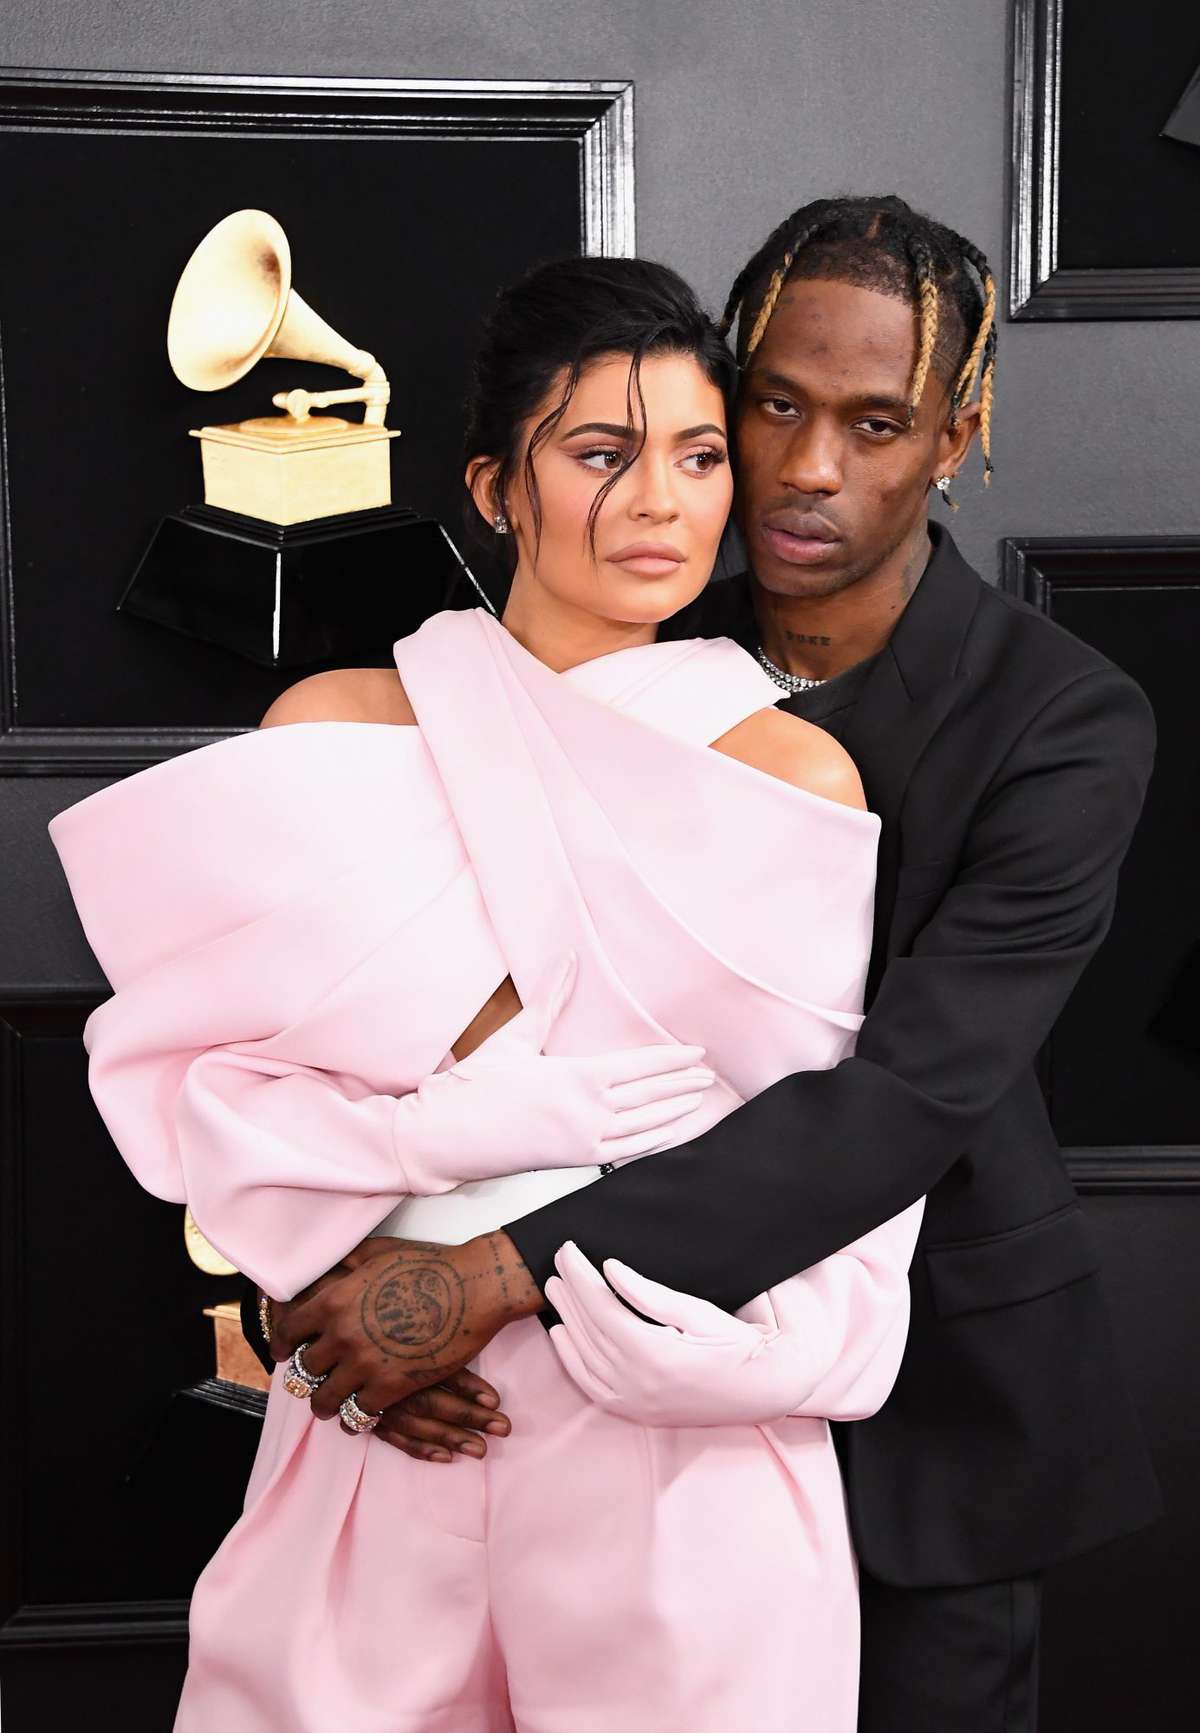 Is Kylie Jenner Trolling Her Fans By Carrying a Wedding Dress Around?
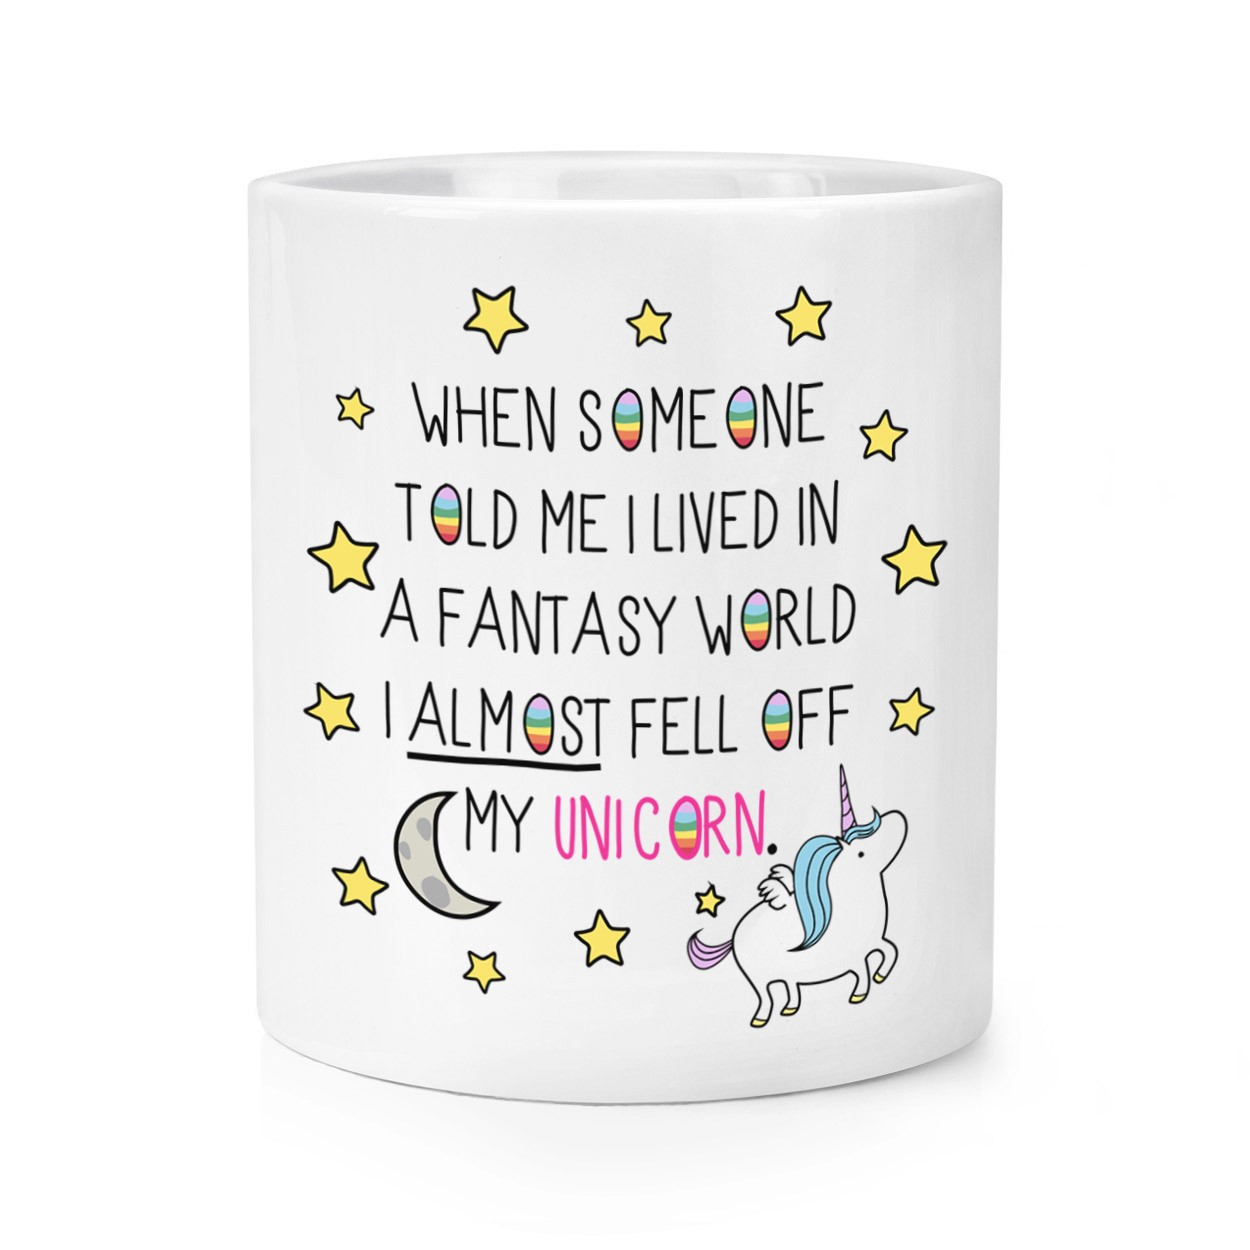 Unicorn When Someone Told Me I Lived In A Fantasy World Makeup Brush Pencil Pot
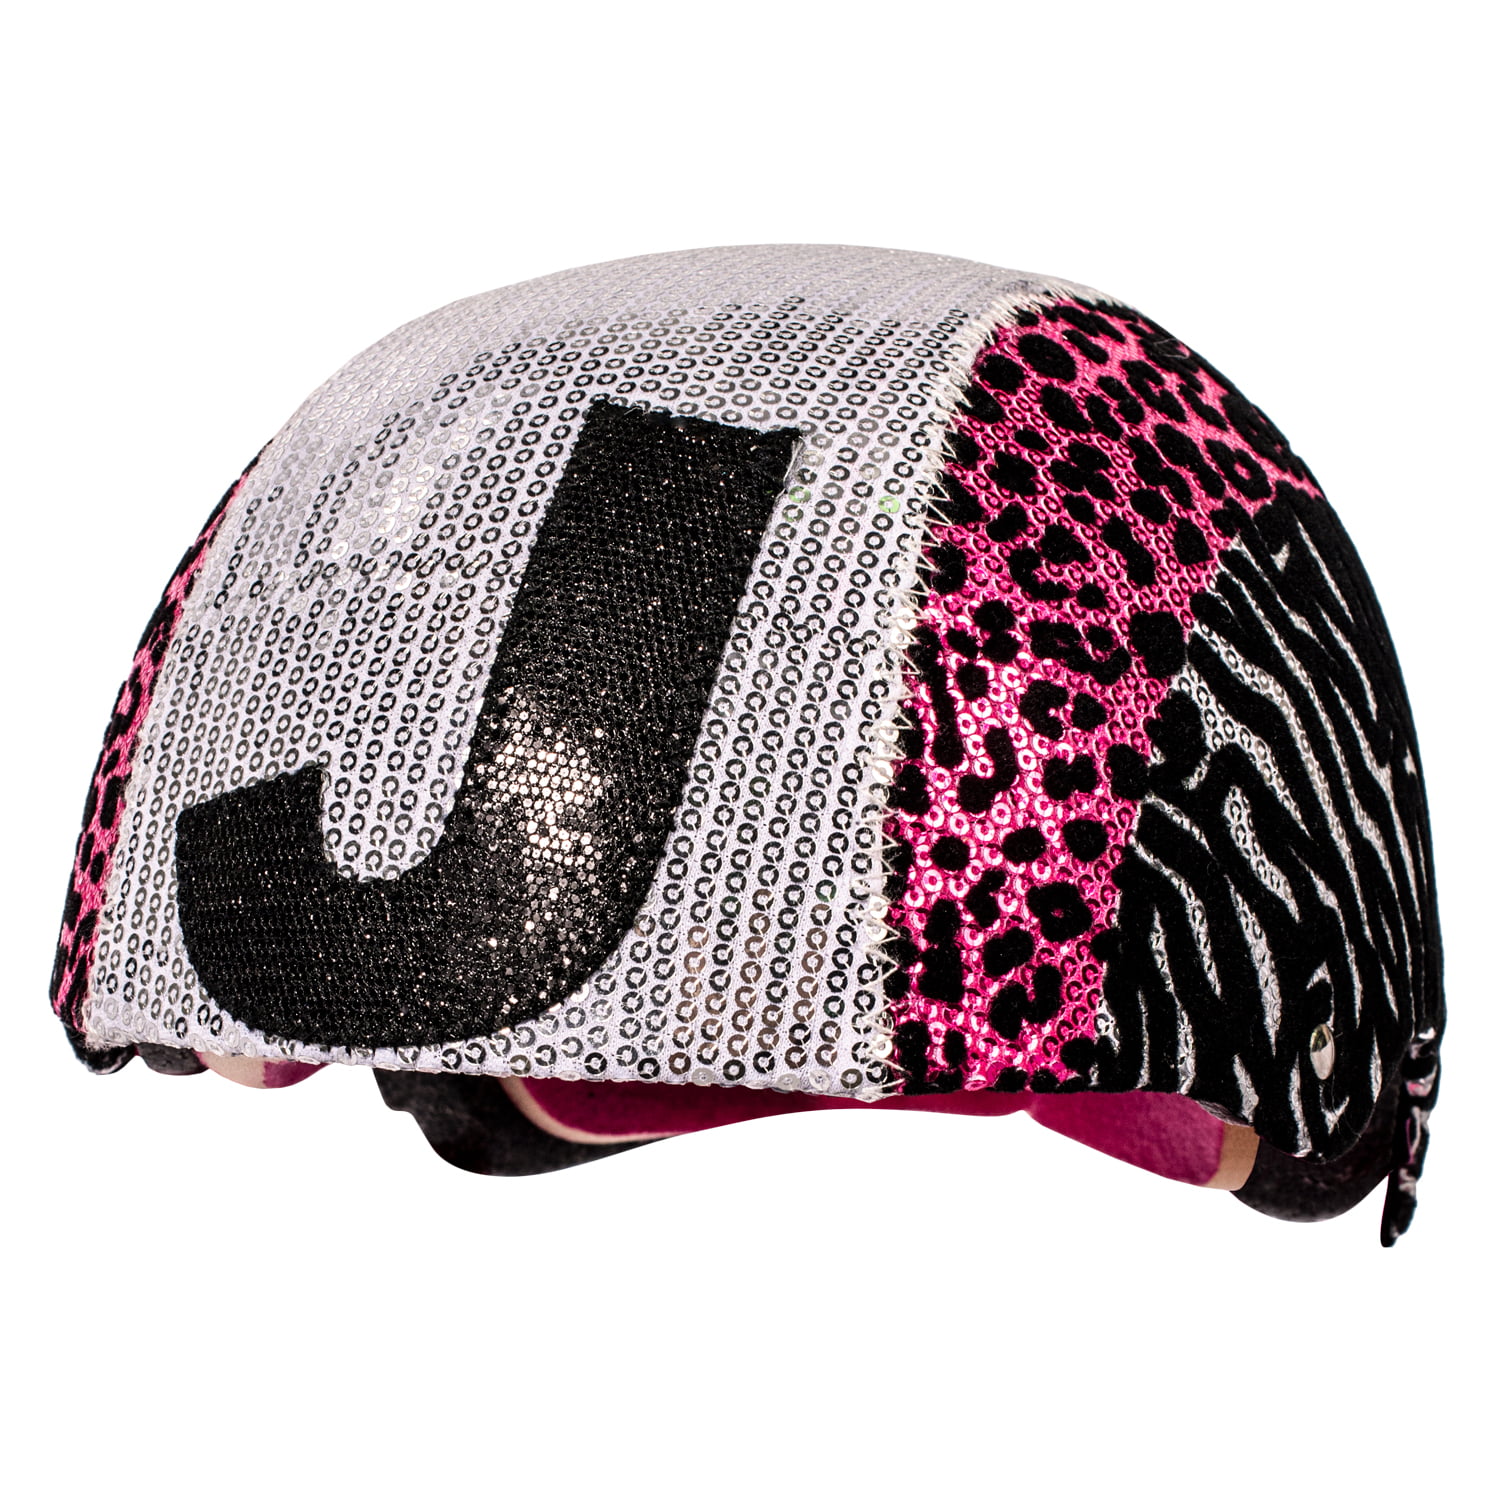 S -On the Go Glam Gear Helmet Raskullz for Justice Sequins Pink Leopard Ages 5+ 
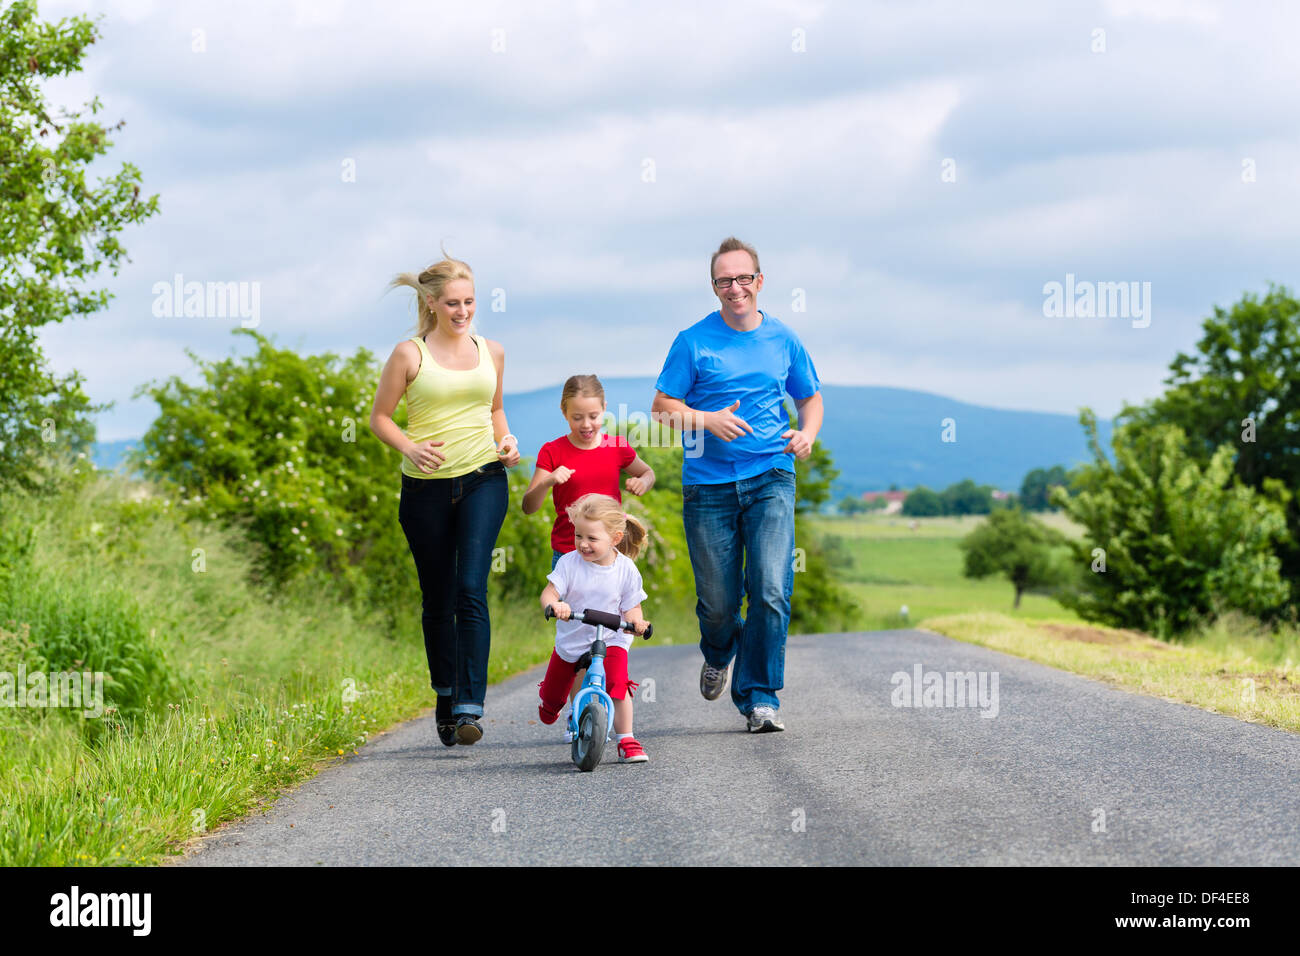 Family of Little girl father and mother or mom and dad running on street in rural environment for sport Stock Photo

WHAT THIS TASK INVOLVES – Leave out the pictures, and retype exactly the lines from the one containing "S -On the Go" through the final line of the data.

THE ANSWER –
 S -On the Go Glam Gear Helmet Raskullz for Justice Sequins Pink Leopard Ages 5+ 
 Family of Little girl father and mother or mom and dad running on street in rural environment for sport Stock Photo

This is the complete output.